— Assignment —
Drop every picture, then print the rest of the listing exactly as given.

— Provided data —
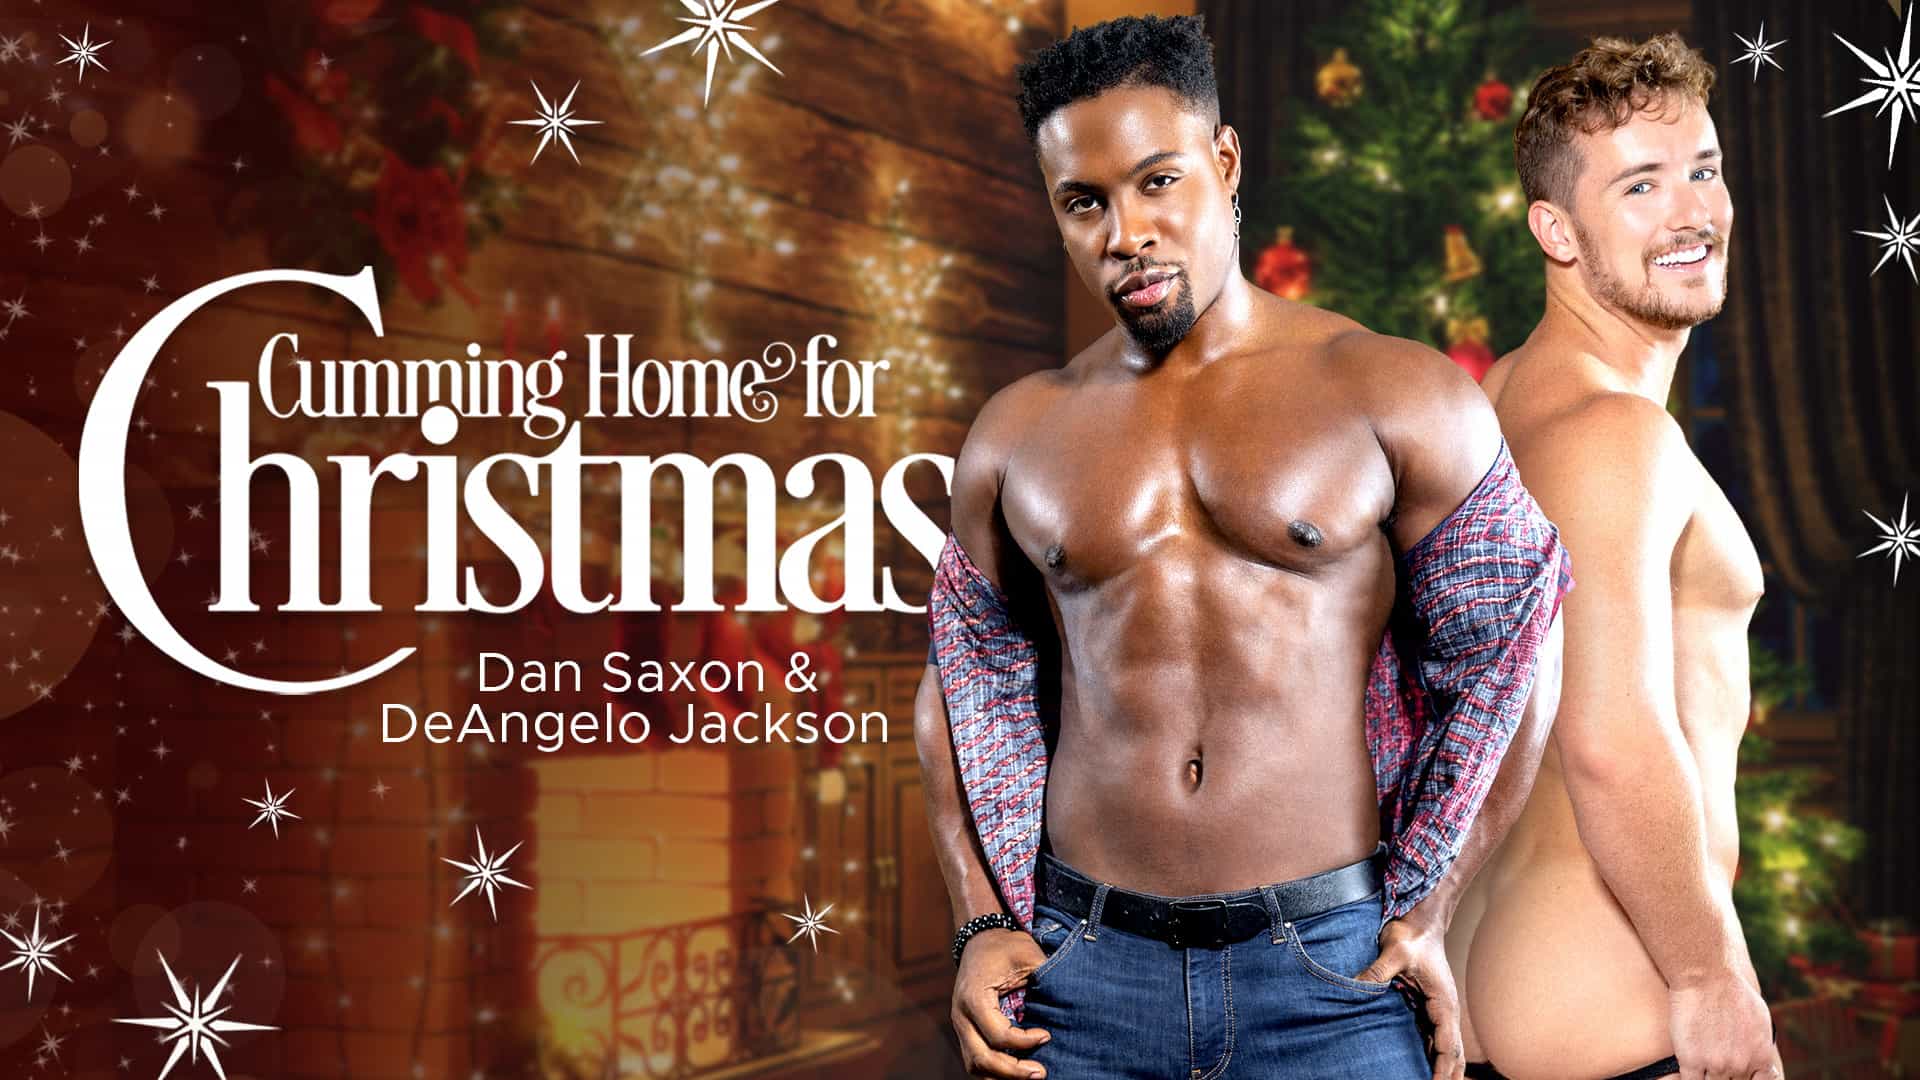 Cumming Home for Christmas, Scene 5 – Dan Saxon and DeAngelo Jackson
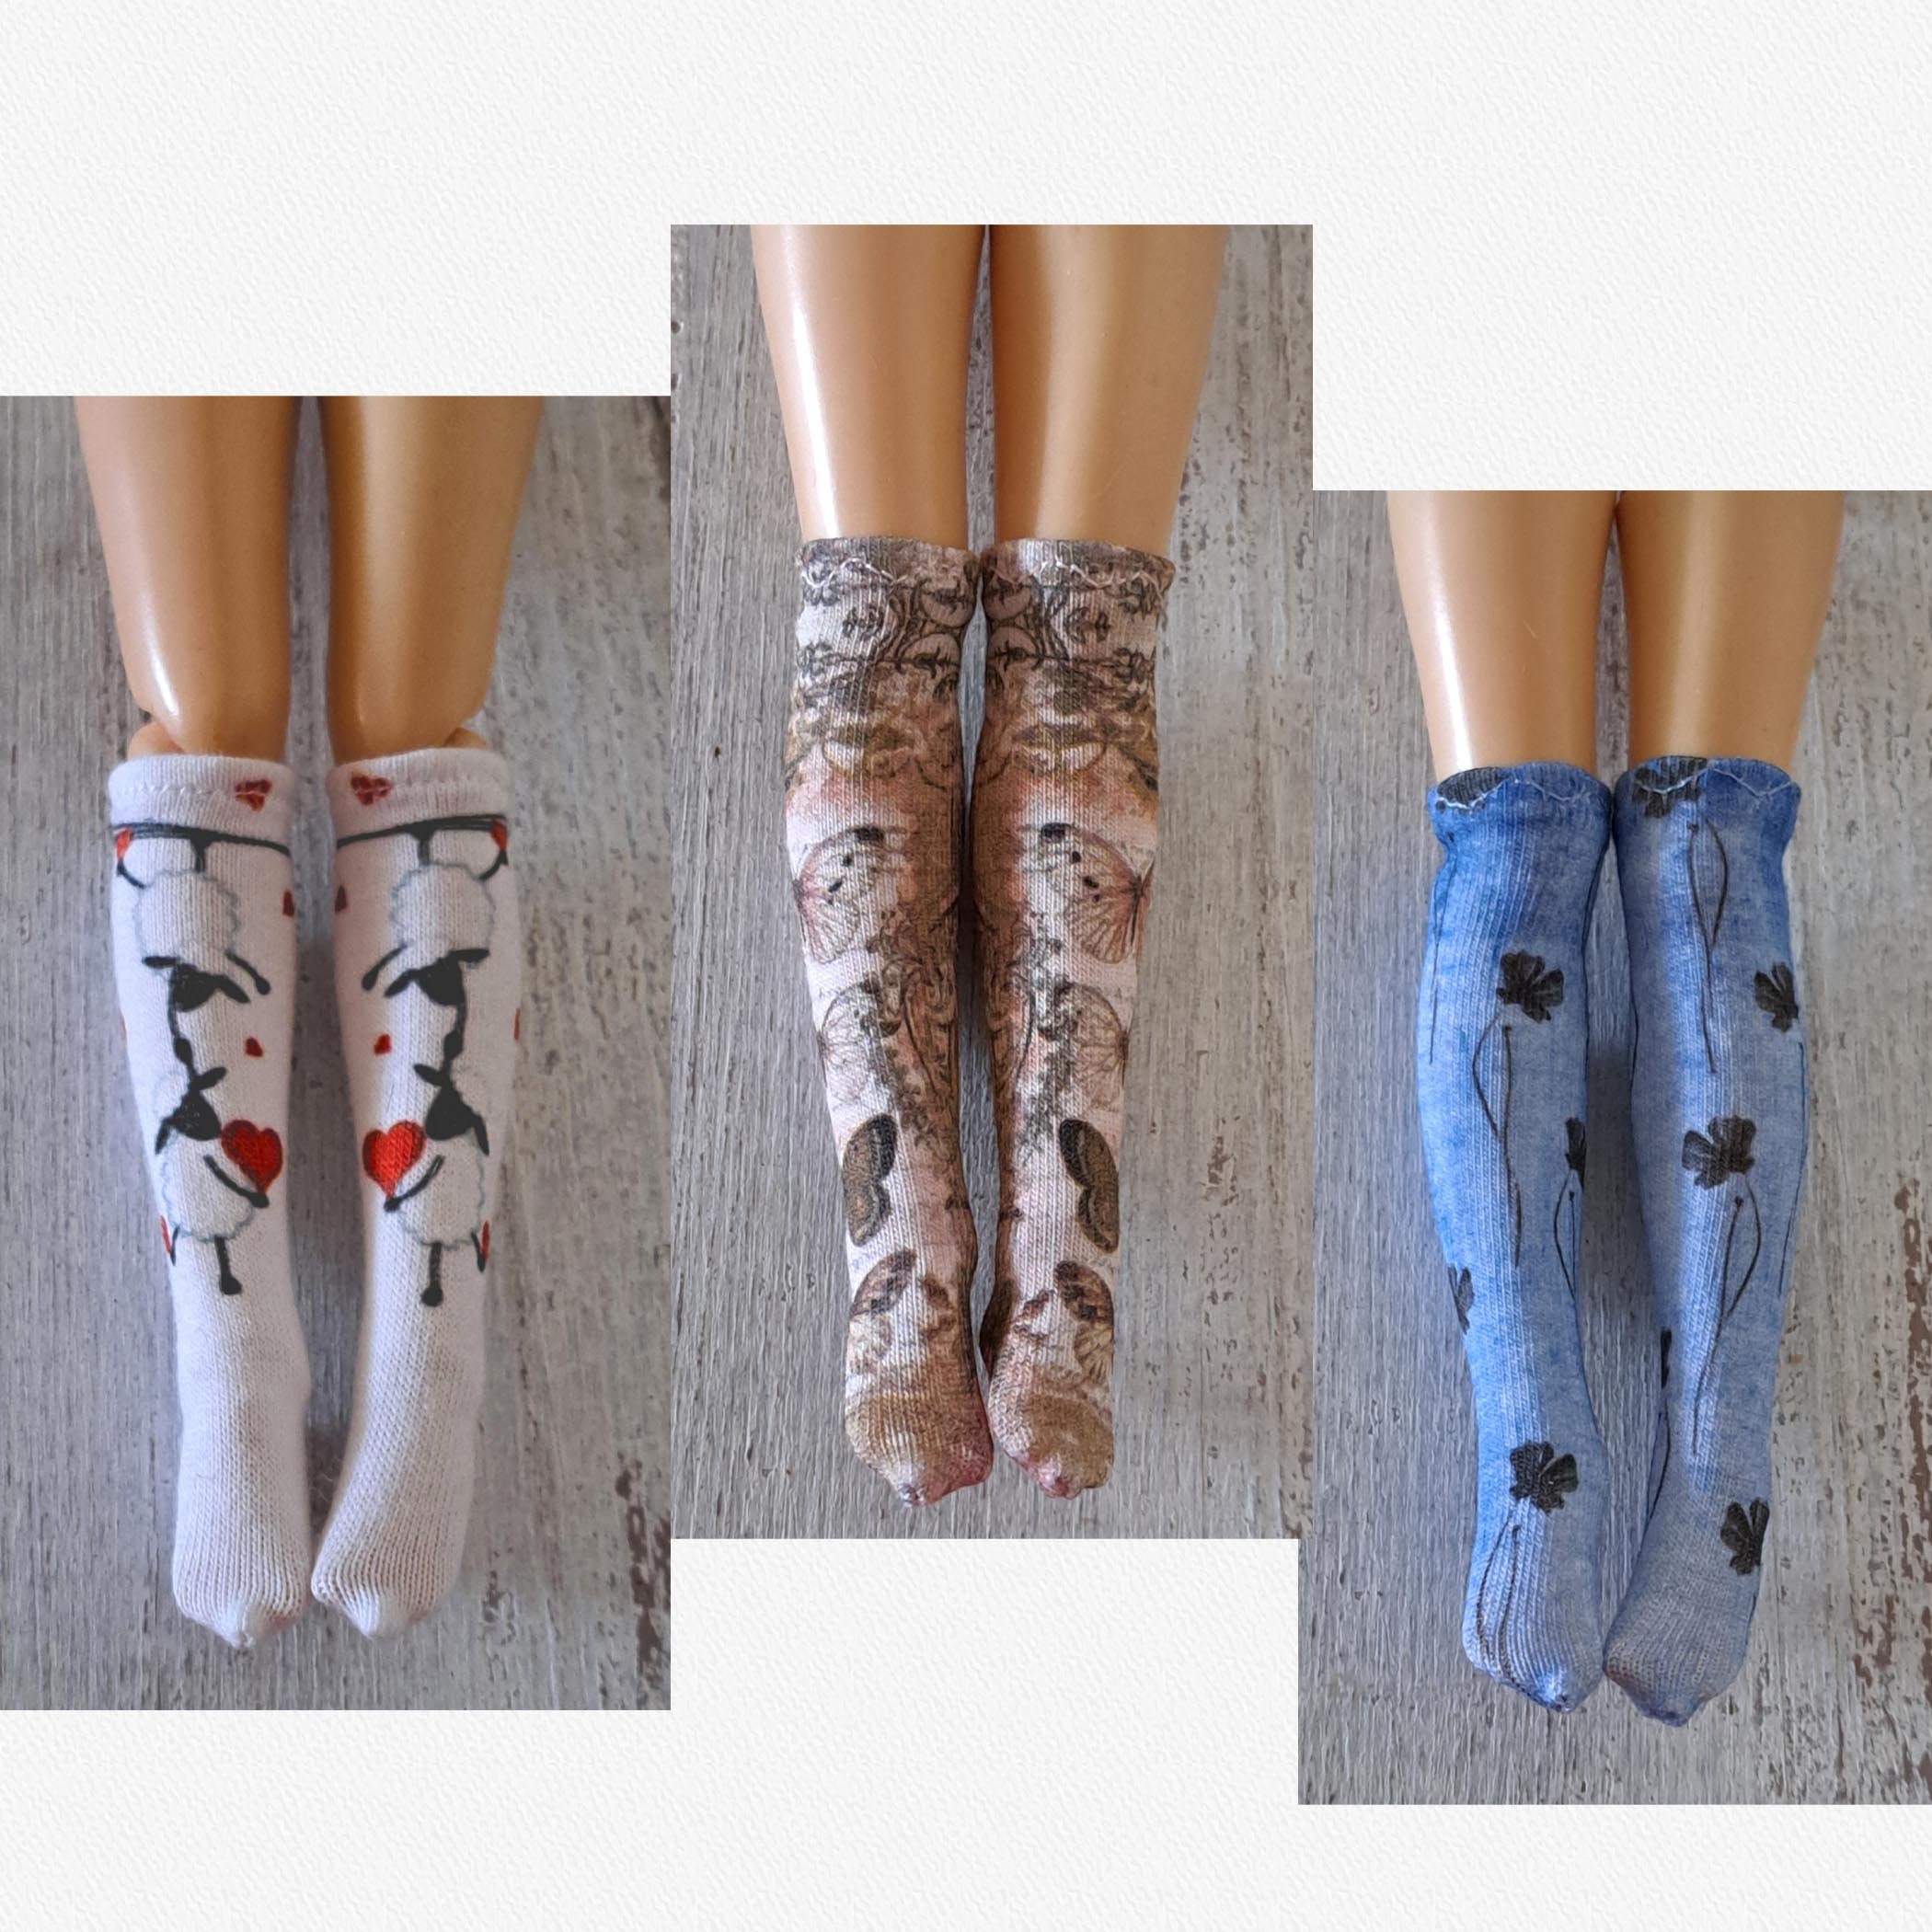 Leg-cessories Tights Socks Stocking Leggings Easy Clothes Sewing Pattern  for Petite Curvy Dolls: Rainbow Fashion Doll 
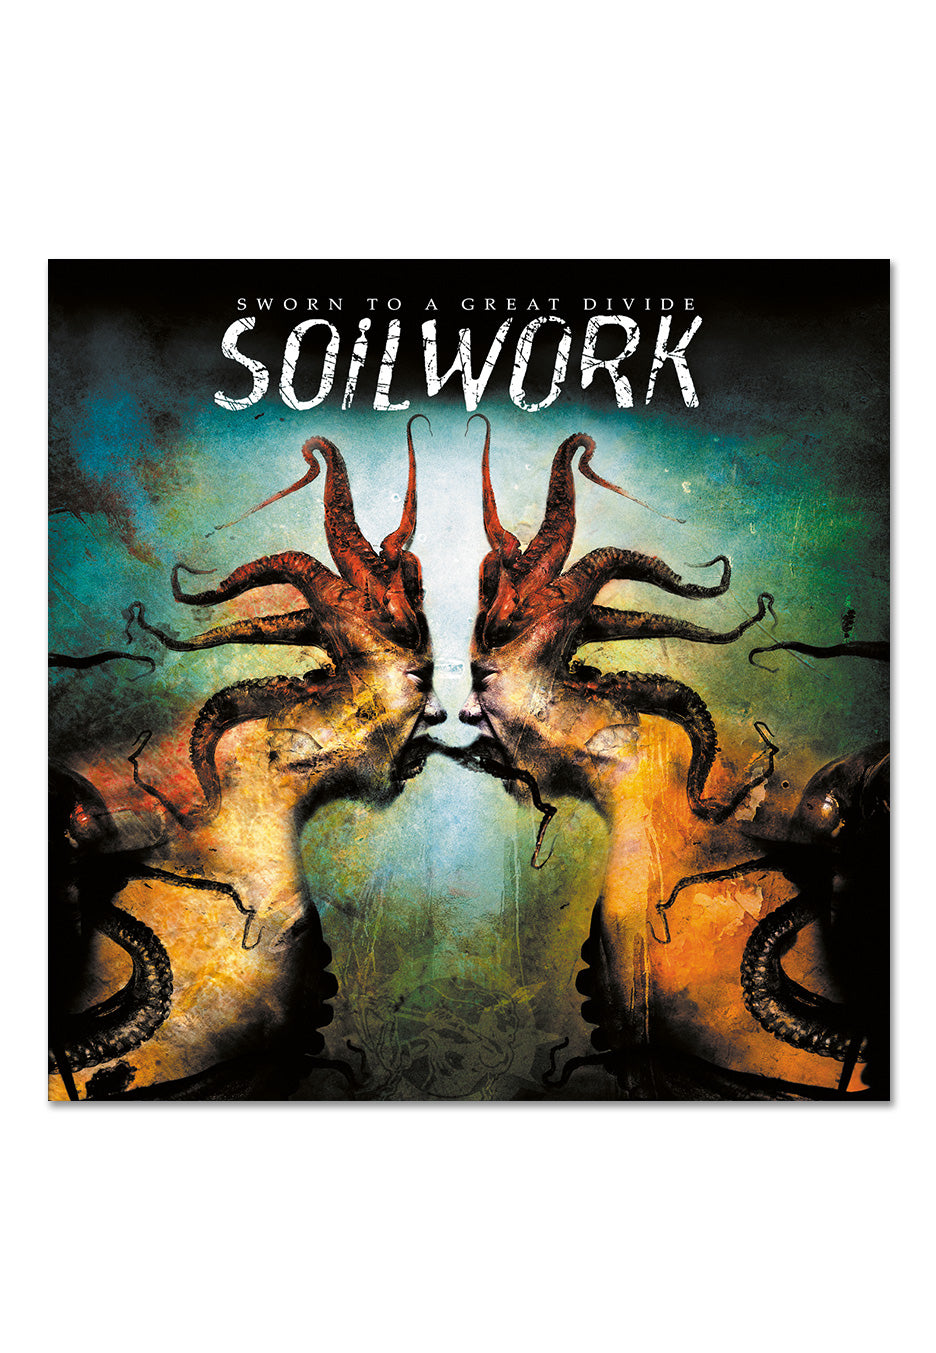 Soilwork - Sworn To A Great Divide Ltd. Orange/Green Sunburst - Colored Vinyl

— Response —
 Cumming Home for Christmas, Scene 5 – Dan Saxon and DeAngelo Jackson
 Leg-cessories Tights Socks Stocking Leggings Easy Clothes Sewing Pattern  for Petite Curvy Dolls: Rainbow Fashion Doll 
 Soilwork - Sworn To A Great Divide Ltd. Orange/Green Sunburst - Colored Vinyl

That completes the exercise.